REQUIREMENT. Your answer must be an exact copy of the data below, minus any pictures.

INFORMATION SUPPLIED.

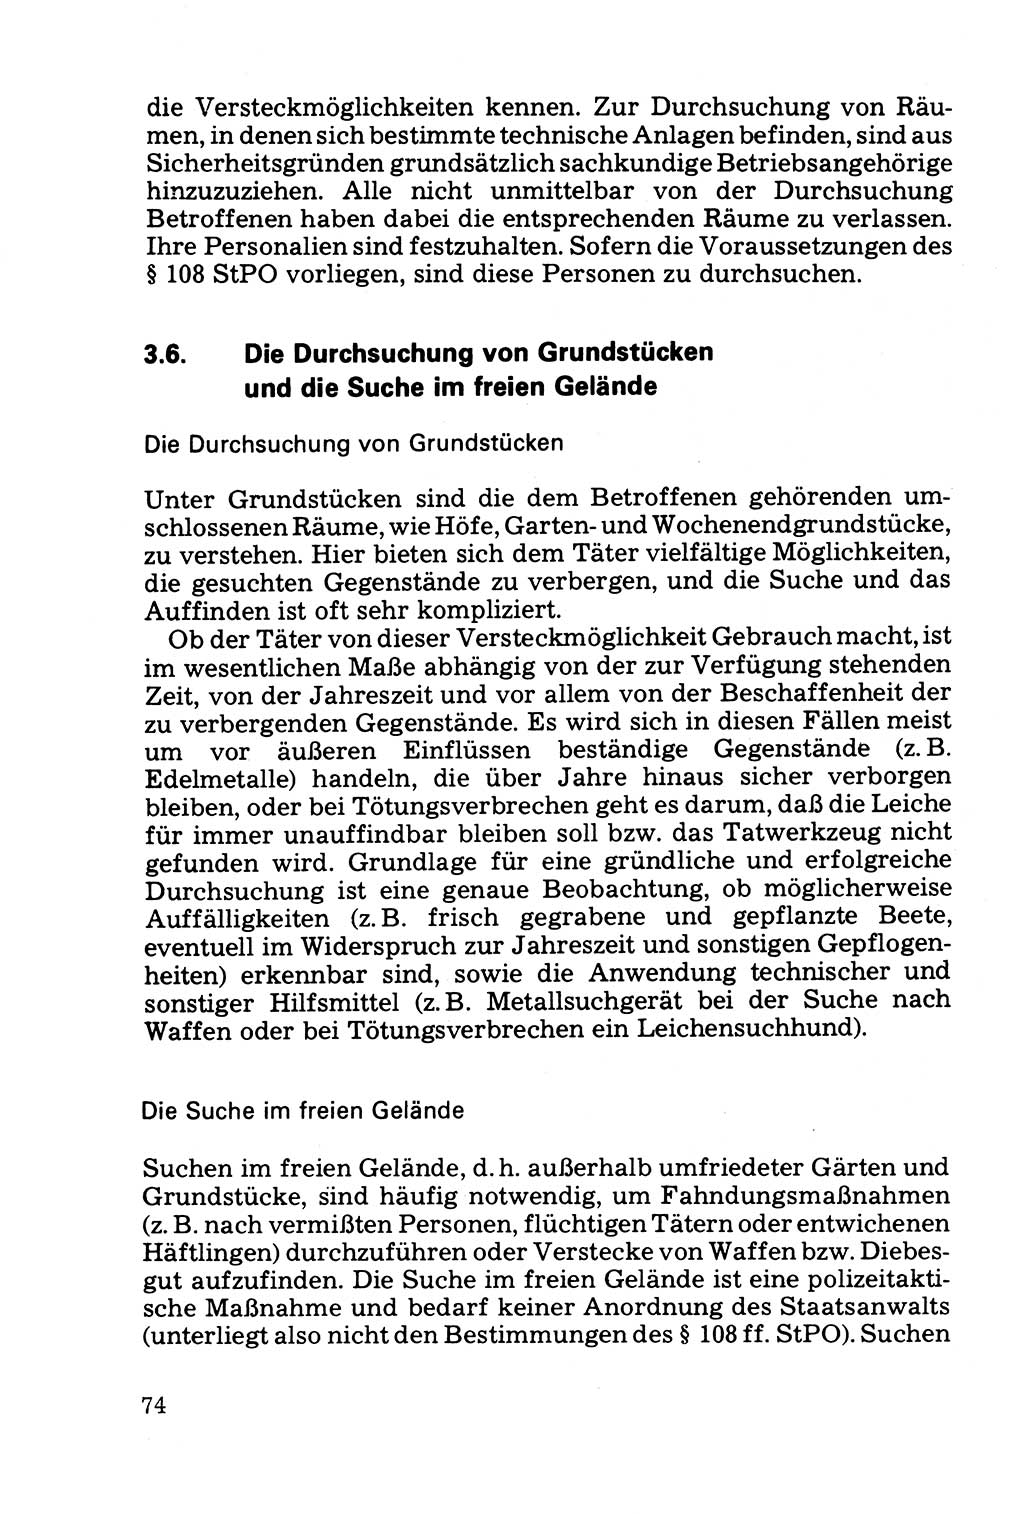 Die Durchsuchung und die Beschlagnahme [Deutsche Demokratische Republik (DDR)] 1979, Seite 74 (Durchs. Beschl. DDR 1979, S. 74)
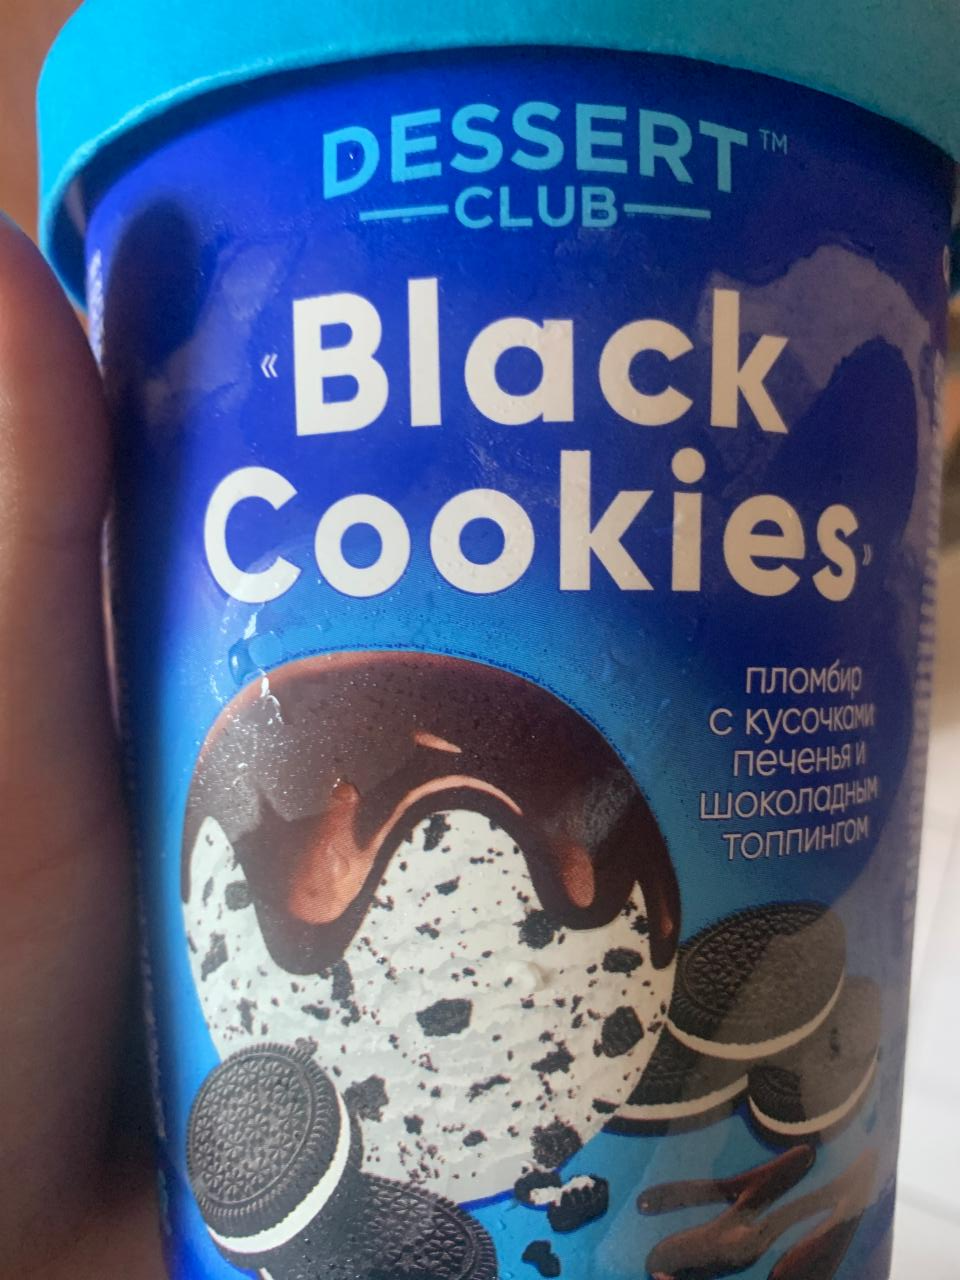 Фото - Black cookies пломбир с кусочками печенья и шоколадным топпингом Dessert club
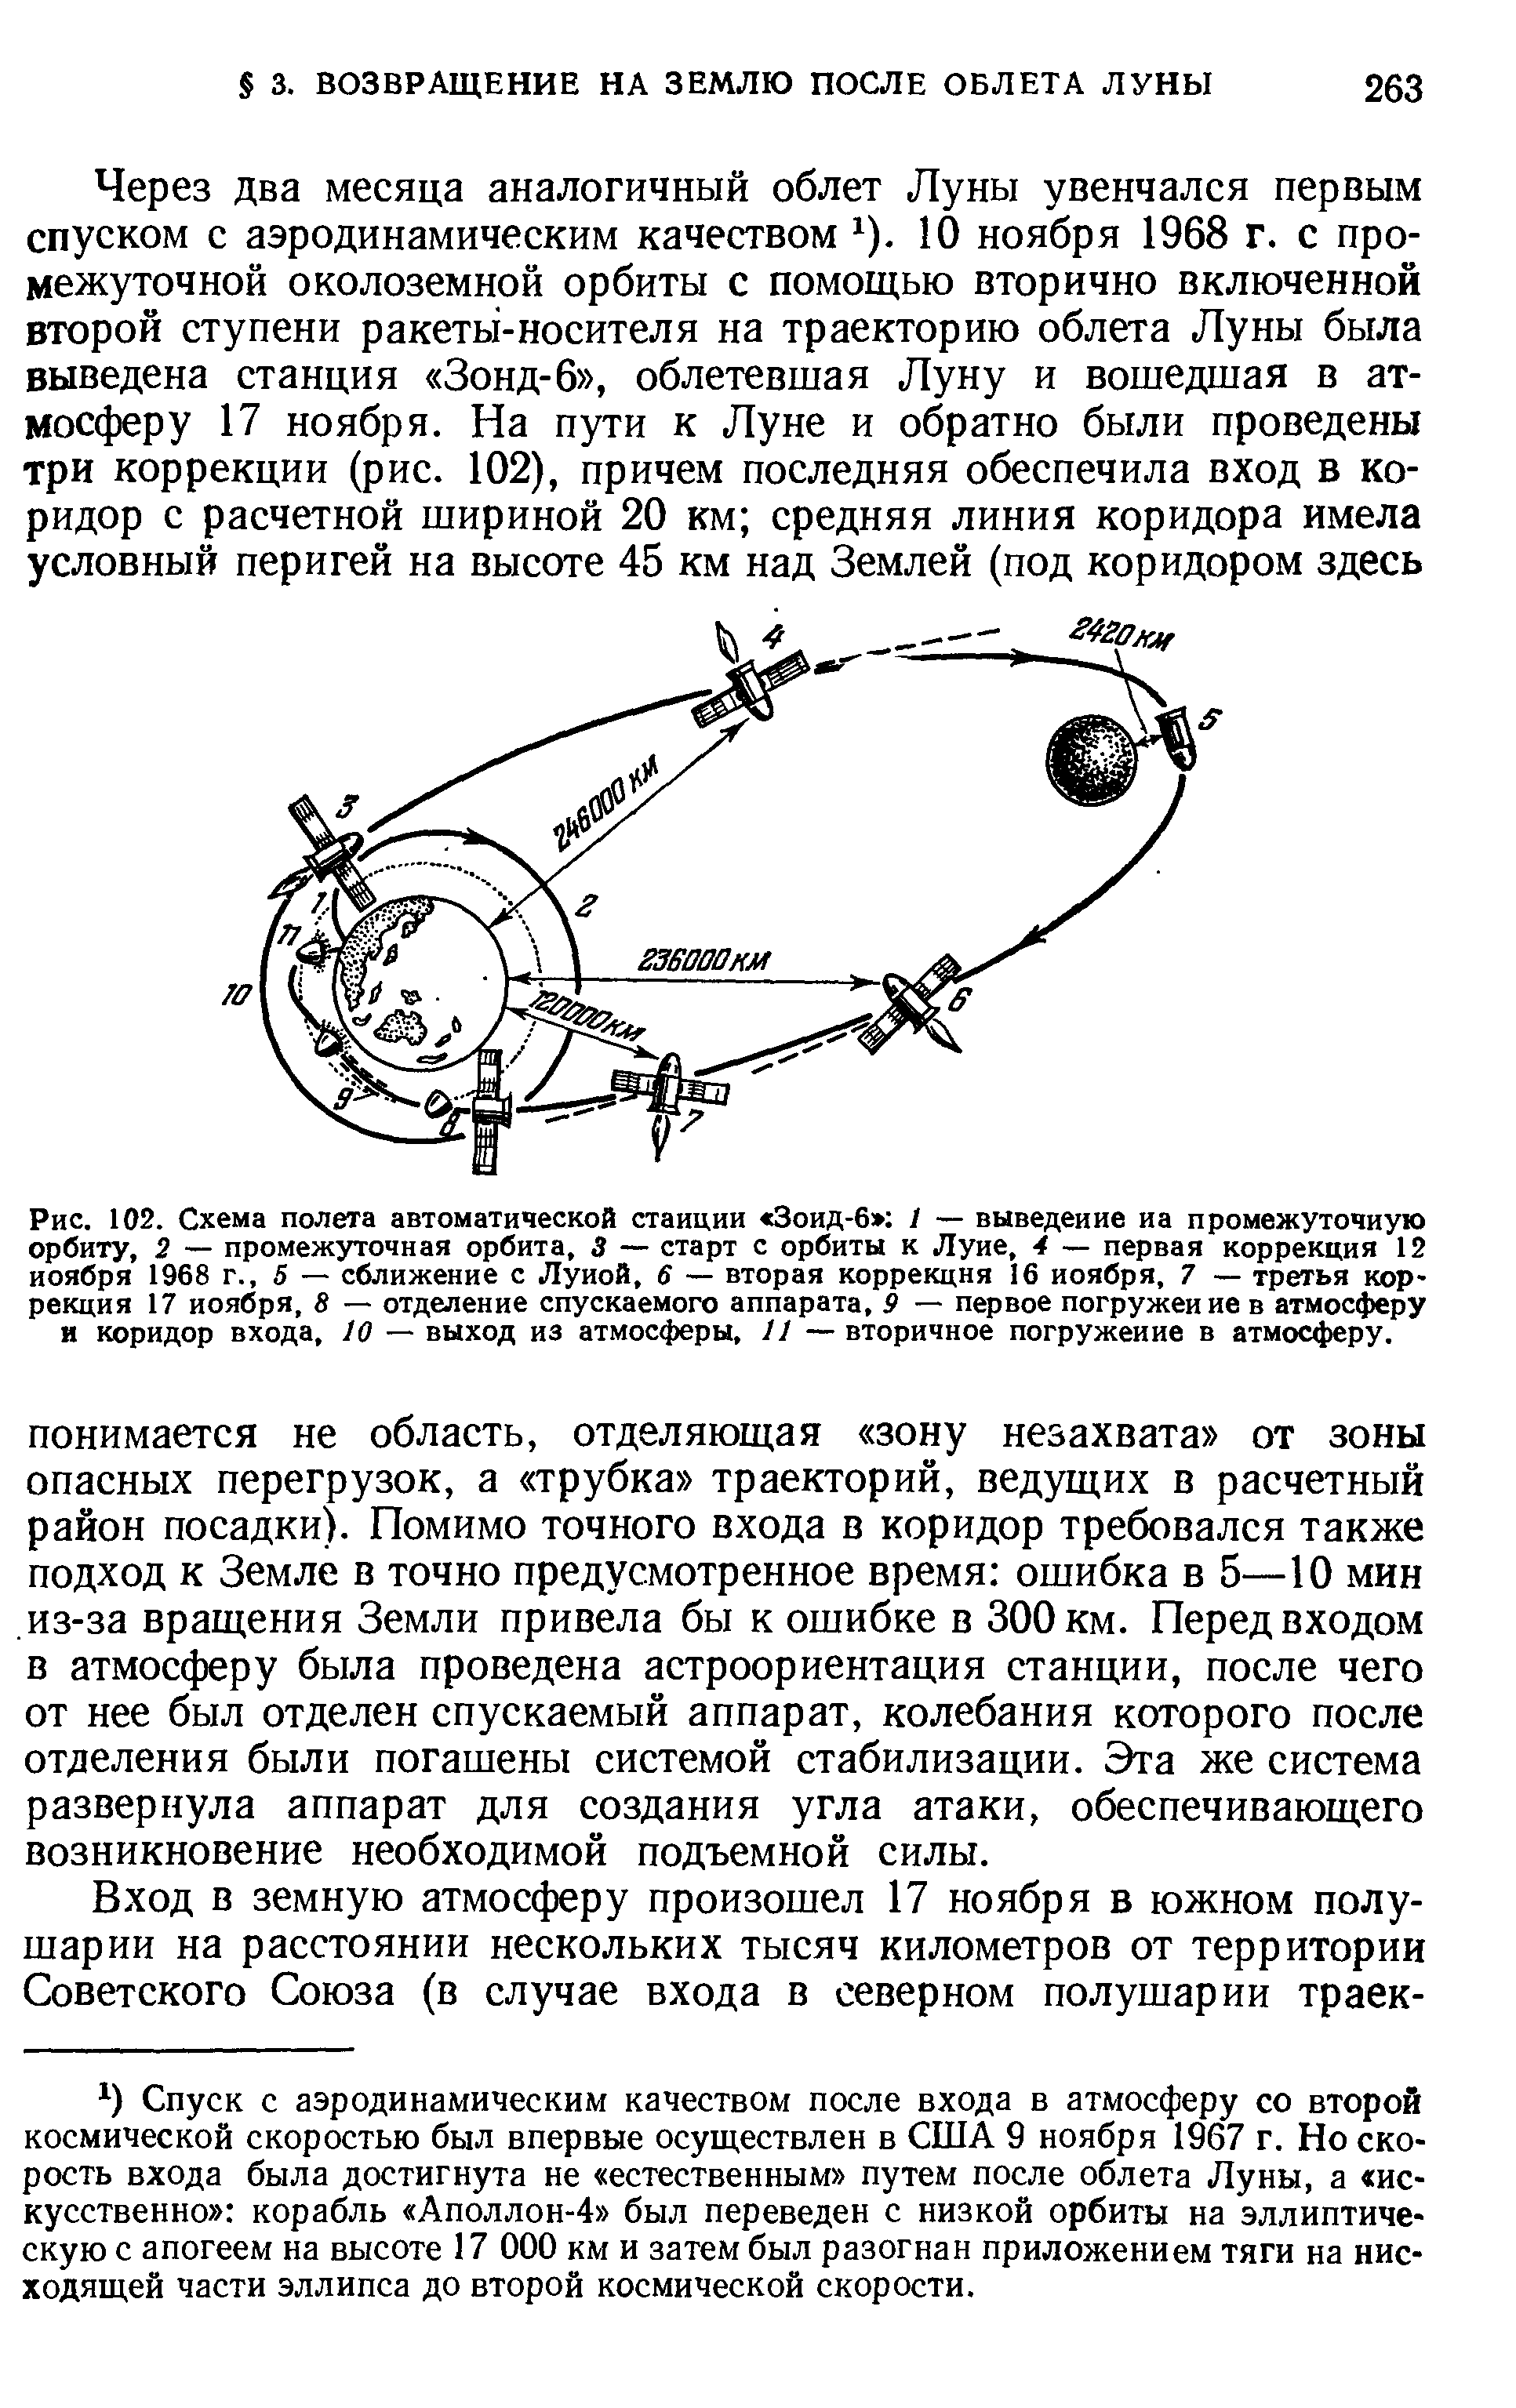 Рис. 102. Схема полета <a href="/info/51164">автоматической станции</a> Зоид-6 / — выведение иа <a href="/info/357779">промежуточную орбиту</a>, 2 — <a href="/info/357779">промежуточная орбита</a>, 3 — старт с орбиты к Луне, 4 — первая коррекция 12 ноября 1968 г., 5 — сближение с Луной, 6 — вторая коррекция 16 ноября, 7 — третья коррекция 17 ноября, 8 — отделение спускаемого аппарата, 9 — первое погружение в атмосферу и коридор входа, 10 — выход из атмосферы, 11 — вторичное погружение в атмосферу.

YOUR SOLUTION.
 Die Durchsuchung und die Beschlagnahme [Deutsche Demokratische Republik (DDR)] 1979, Seite 74 (Durchs. Beschl. DDR 1979, S. 74)
 Фото - Black cookies пломбир с кусочками печенья и шоколадным топпингом Dessert club
 Рис. 102. Схема полета <a href="/info/51164">автоматической станции</a> Зоид-6 / — выведение иа <a href="/info/357779">промежуточную орбиту</a>, 2 — <a href="/info/357779">промежуточная орбита</a>, 3 — старт с орбиты к Луне, 4 — первая коррекция 12 ноября 1968 г., 5 — сближение с Луной, 6 — вторая коррекция 16 ноября, 7 — третья коррекция 17 ноября, 8 — отделение спускаемого аппарата, 9 — первое погружение в атмосферу и коридор входа, 10 — выход из атмосферы, 11 — вторичное погружение в атмосферу.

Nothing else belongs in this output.